The financial penalty power will enable the regulators to impose fines on entities of up to 4% of group annual worldwide turnover. Modest compensation for low level distress will probably be no less than £1,000 per person, with no upper cap. If the litigation risk is modelled by reference to some of world’s largest data breach cases (those affecting personal data), which have exceeded 100 million people on a number of occasions, the financial exposure is £1e+11 (100 million people affected x £1,000 per person), i.e., too big for the calculator app on an iPhone to present in digits.
What we are talking about is a potentially ruinous legal risk for big businesses operating in Europe. Surely when the penny drops, we will see share price volatility.

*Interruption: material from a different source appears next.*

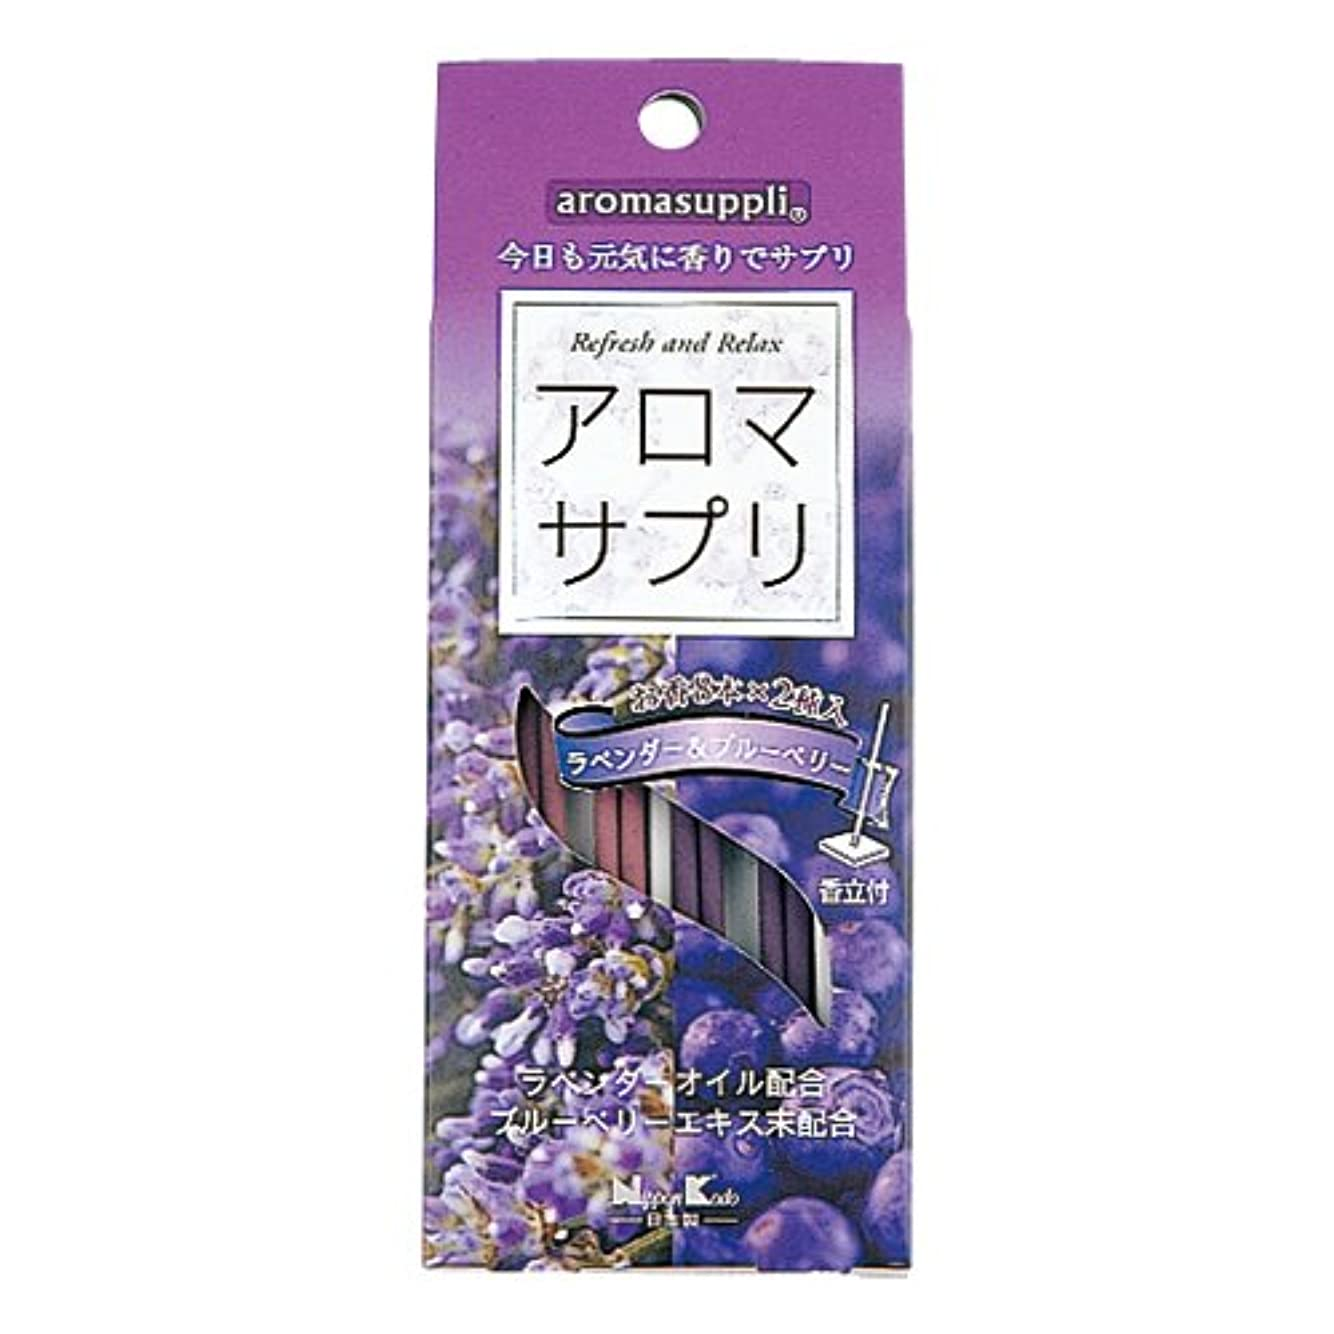 【X5個セット】 アロマサプリ ラベンダー&ブルーベリー 8本入×2種

When looking at legal risk, businesses should not forget the evidential value to lawyers of past wrongful behaviour.
A serious historical privacy or security breach in one country may be legally significant at some point in the future in another country. If your point of view is that a US Federal Trade Commission fine of $20m is loose change for a big multi-national and therefore non-significant, which is a view that some business people hold, perhaps your point of view may change when you appreciate that the historical failure may be sufficiently relevant enough to help fix you with £1e+11financial exposure in Europe at some point in the future. For good and bad, security and privacy is built on a web of interdependencies and one of them is the foreseeability of harm in a legal sense that follows from past failures.
Therefore, when judging legal risk, entities would be wise to reflect on the fact that there is now global legal connectivity as far as failure events are concerned.
There is much more to security and privacy than compliance and risk.
There is also the economic interest in gaining commercial advantages from the use of personal data. Gaining better customer insights and providing them with personalised services are now recognised by many in the hotel industry as core business goals.
In order to properly bring together the interests of economic advantage, risk management and compliance with legal obligations, entities need to develop an appropriate Vision for their desired end state. That Vision will take account of the entity’s “special characteristics” and the points of view of all necessary stakeholders. Once a Vision has been set, a strategy to deliver the Vision can be developed and appropriate structures can be put in place.
When the lessons of failure are examined (failure of data handling projects, such as Single Customer View systems, and failure in the sense of security and privacy breaches), it becomes obvious that the absence of an appropriate Vision is at root cause.
People responsible for security and privacy in hotels ought to ask themselves whether their entities have appropriate Visions for desired end states. If not, they should bring together the stakeholders to discuss ways to take things forward.